Are algorithmic stablecoins even possible?
To answer this question, we will cite the NYDIG report “About the impossible before breakfastwhich comes with the subtitle “Terra showdown, DeFi showdown, and a glimpse of the madness to come.” Since the names have diverged, NYDIG believes that neither algorithmic stablecoins nor DeFi in its current form are possible. Why? Well…
“No matter how well-intentioned, all algorithmic stablecoins will fail, and the vast majority – perhaps all – of the current versions of DeFi will fail, where “failure” here means not having enough critical mass to matter, be hacked, blown up or changed. regulation to the point of non-viability. After all, Project Terra could control its money, but it couldn’t make its people appreciate it.

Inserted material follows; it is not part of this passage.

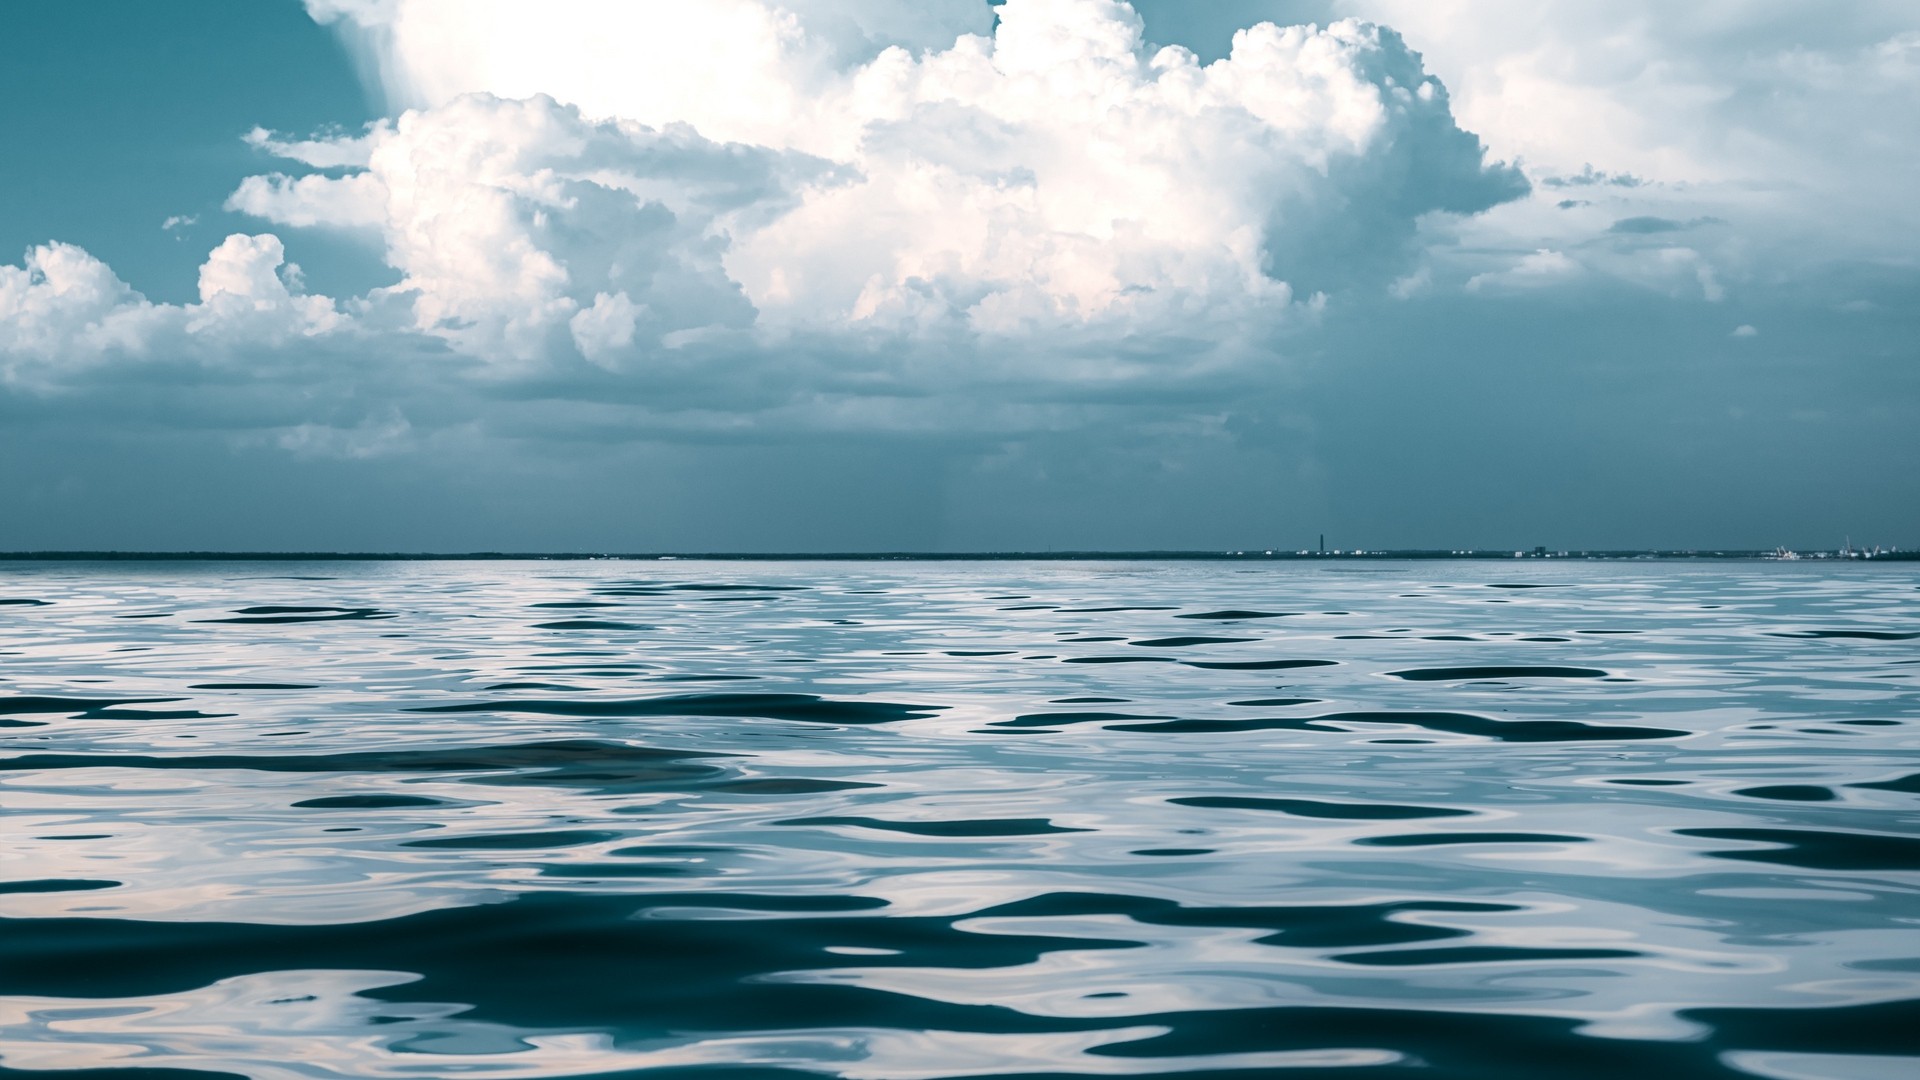 1920x1080 wallpapers: sea, sky, clouds, waves (image)

The printing press was the only (not) answer. Sounds familiar? With no lender of last resort, DeFi is (recreating) the problems central banks are solving. Bitcoin solves the problems created by central banks.”
| TerraLabs sold over 80,000 BTC to save its stablecoin
As is usually the case, we could sum up this entire article with the old adage, “Bitcoin fixes it.”